WHAT IS BEING ASKED: From the line that holds "Main Image - UGG®" down to the last line of the listing below, reproduce each line exactly and nothing more, omitting pictures.

DATA EXCERPT:
╭──
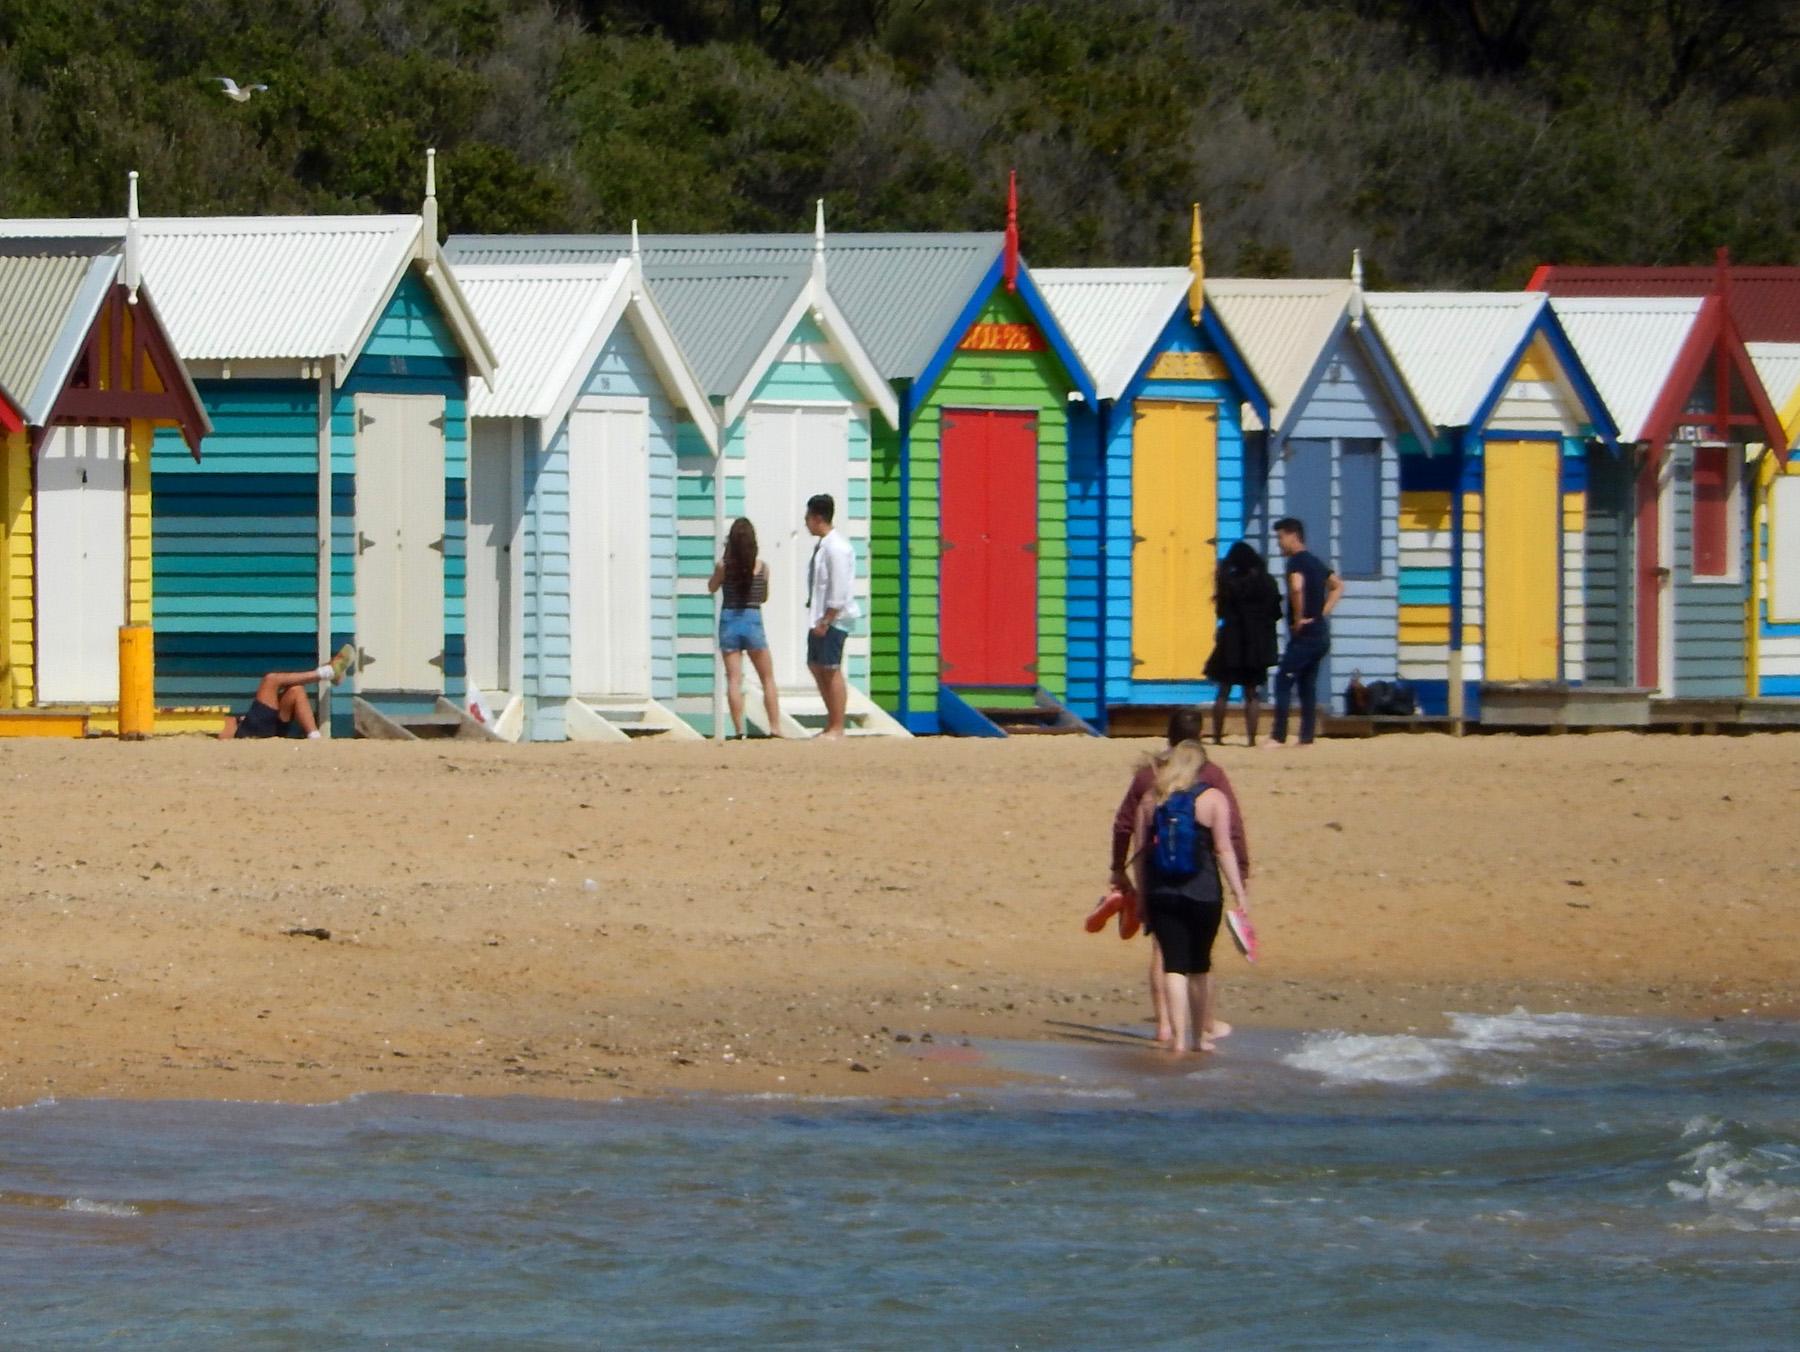 BrightonBoxesRGB.jpg
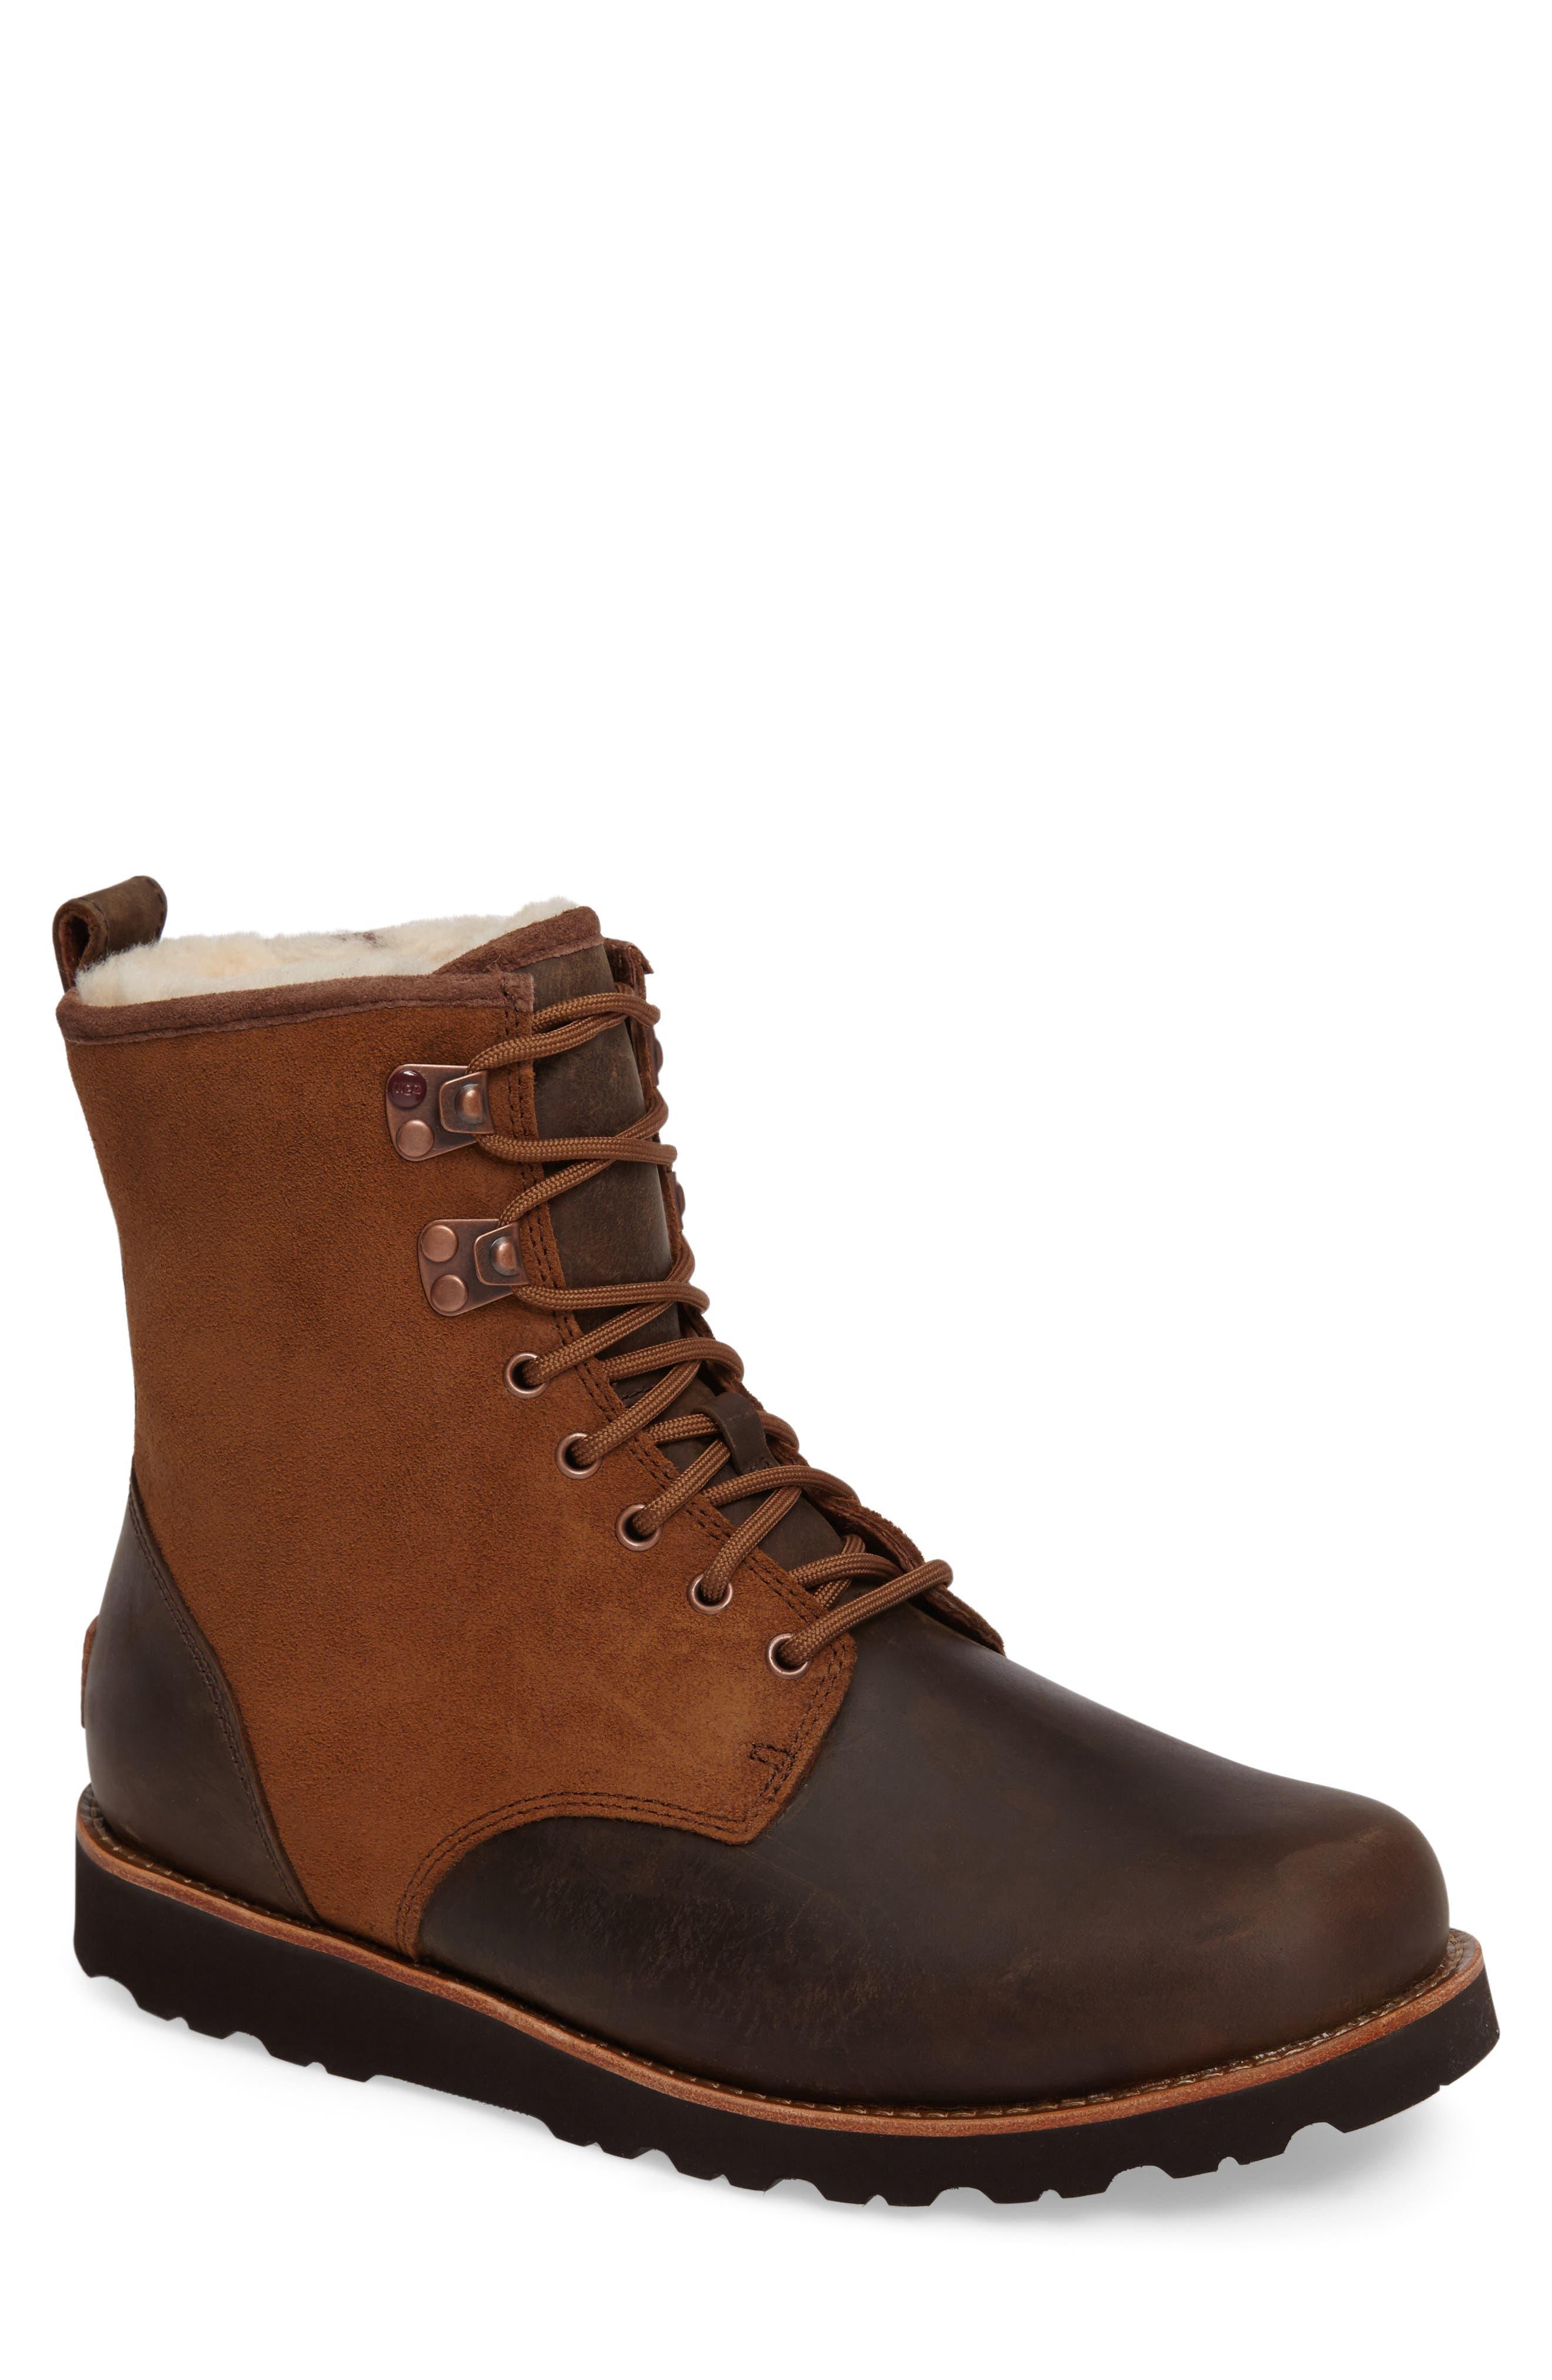 Main Image - UGG® Hannen Plain Toe Waterproof Boot with Genuine Shearling (Men)
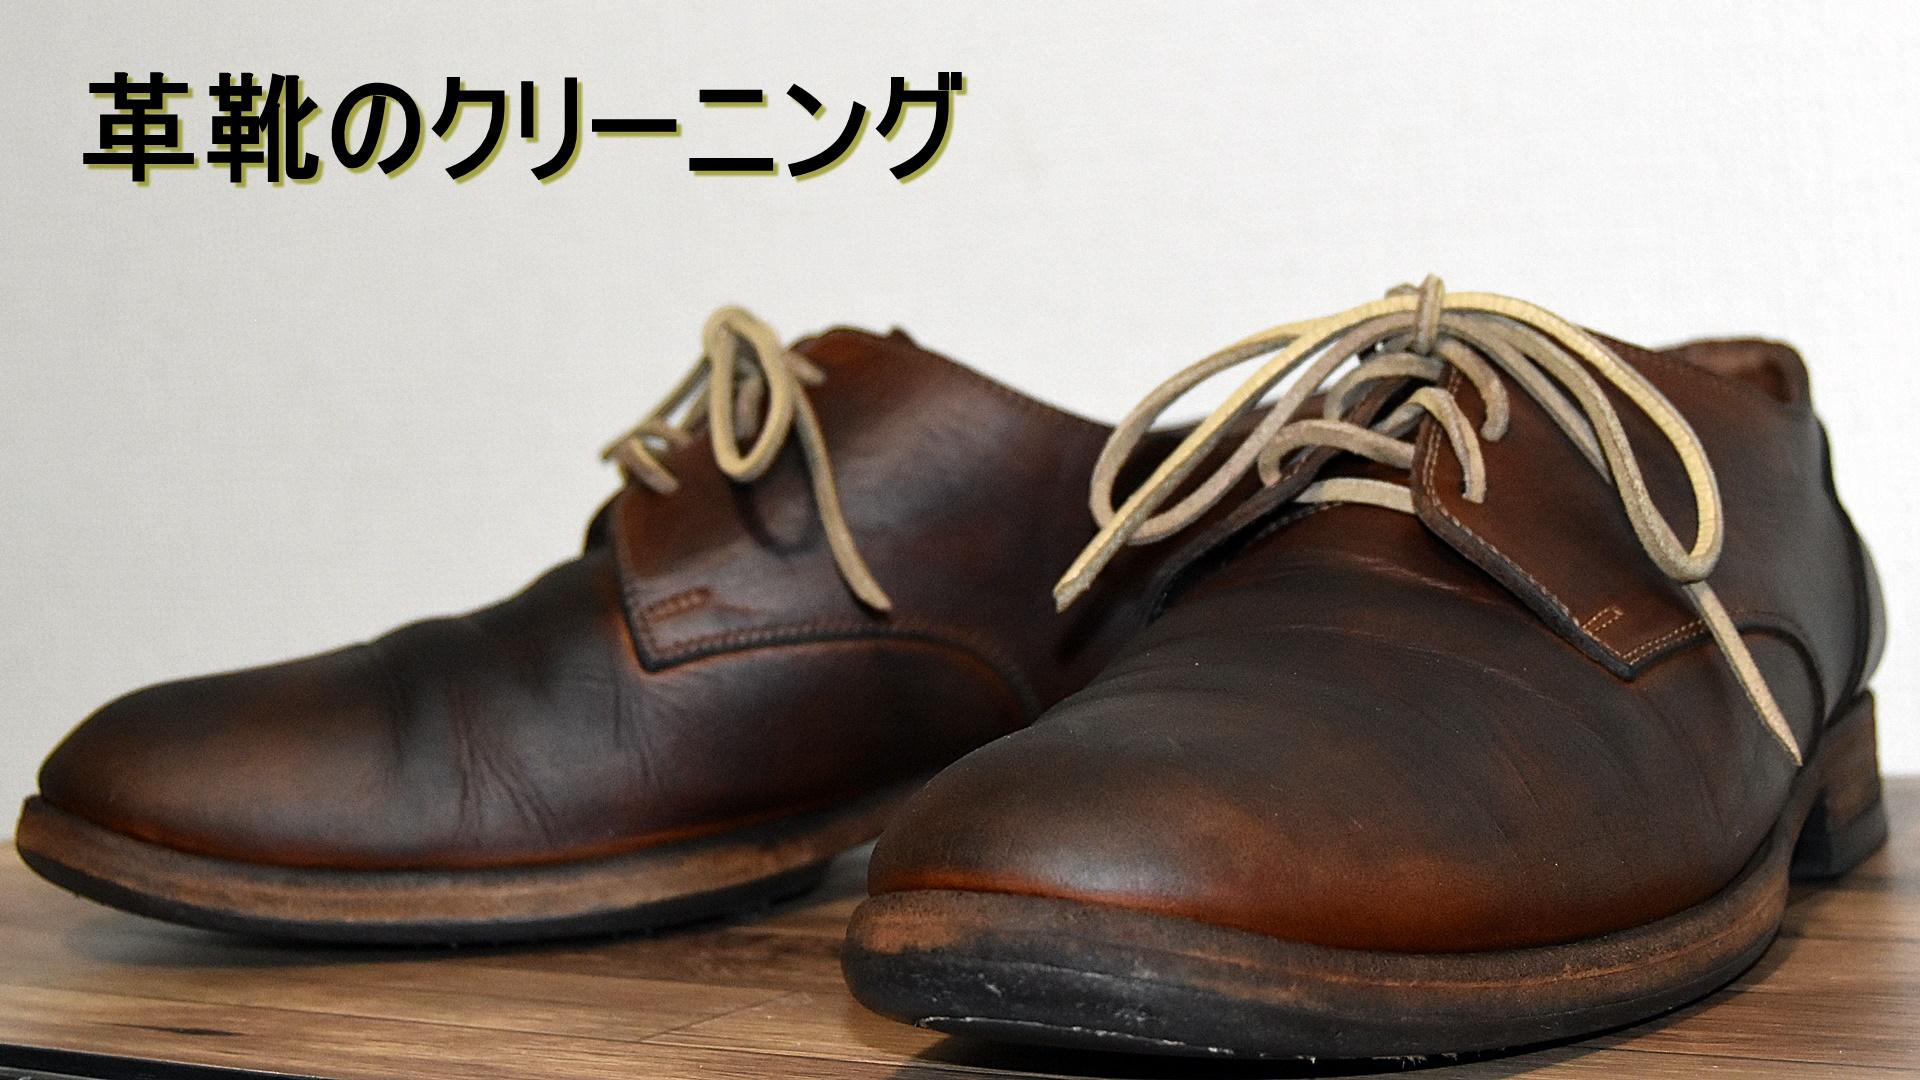 Leather Arts & Crafts MOTO 丸洗い
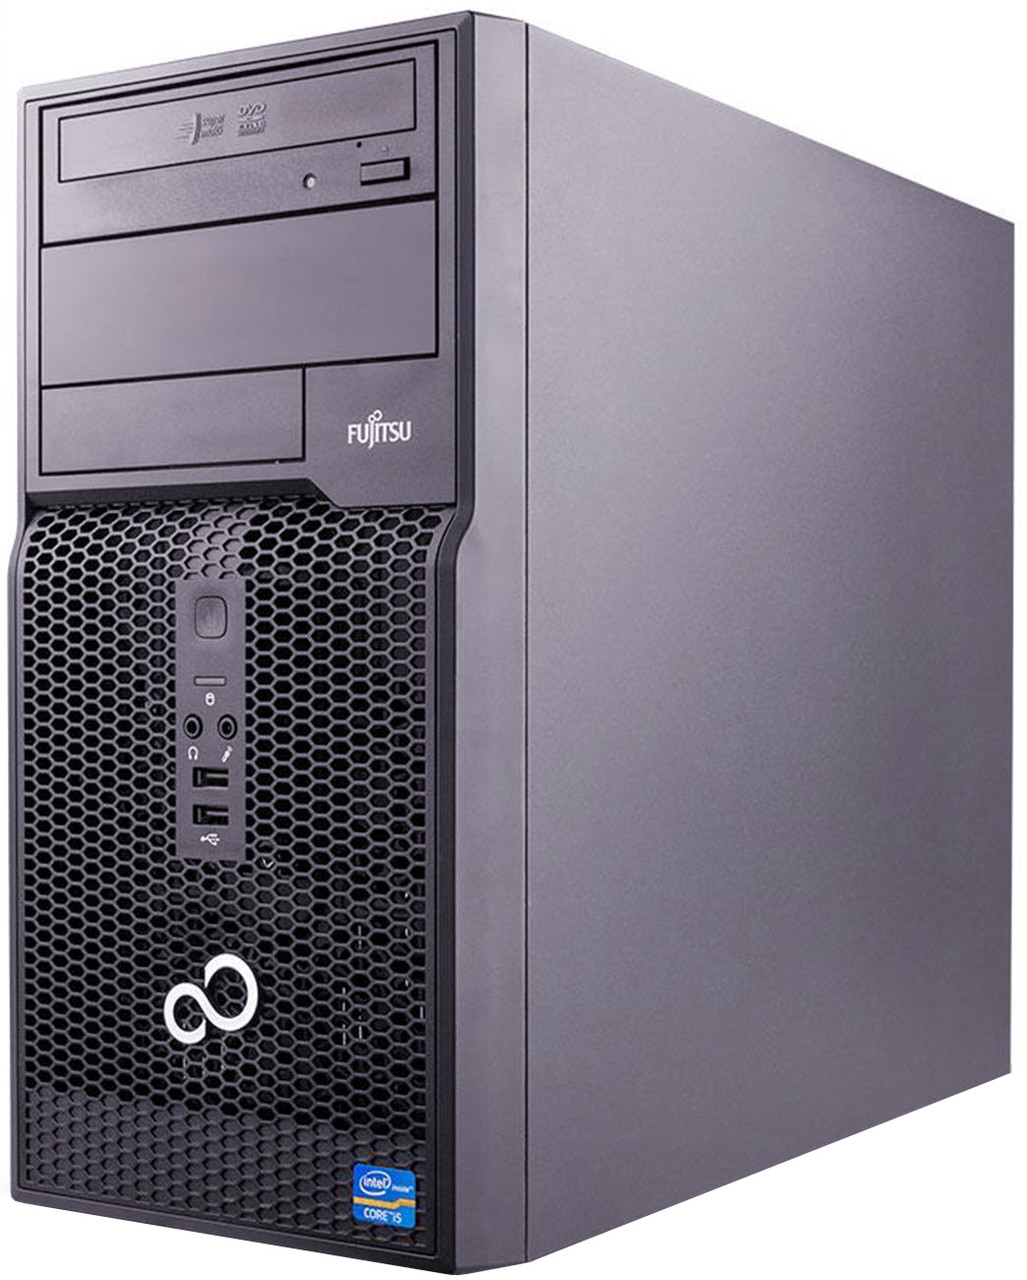 Системный блок Fujitsu ESPRIMO P510-mini tоwer-Intel Core i5-3470-3.2GHz-4Gb-DDR3-HDD-320Gb-DVD-R- Б
╰──
SOLUTION TO THIS PROBLEM:
 Main Image - UGG® Hannen Plain Toe Waterproof Boot with Genuine Shearling (Men)
 Leather Arts & Crafts MOTO 丸洗い
 Системный блок Fujitsu ESPRIMO P510-mini tоwer-Intel Core i5-3470-3.2GHz-4Gb-DDR3-HDD-320Gb-DVD-R- Б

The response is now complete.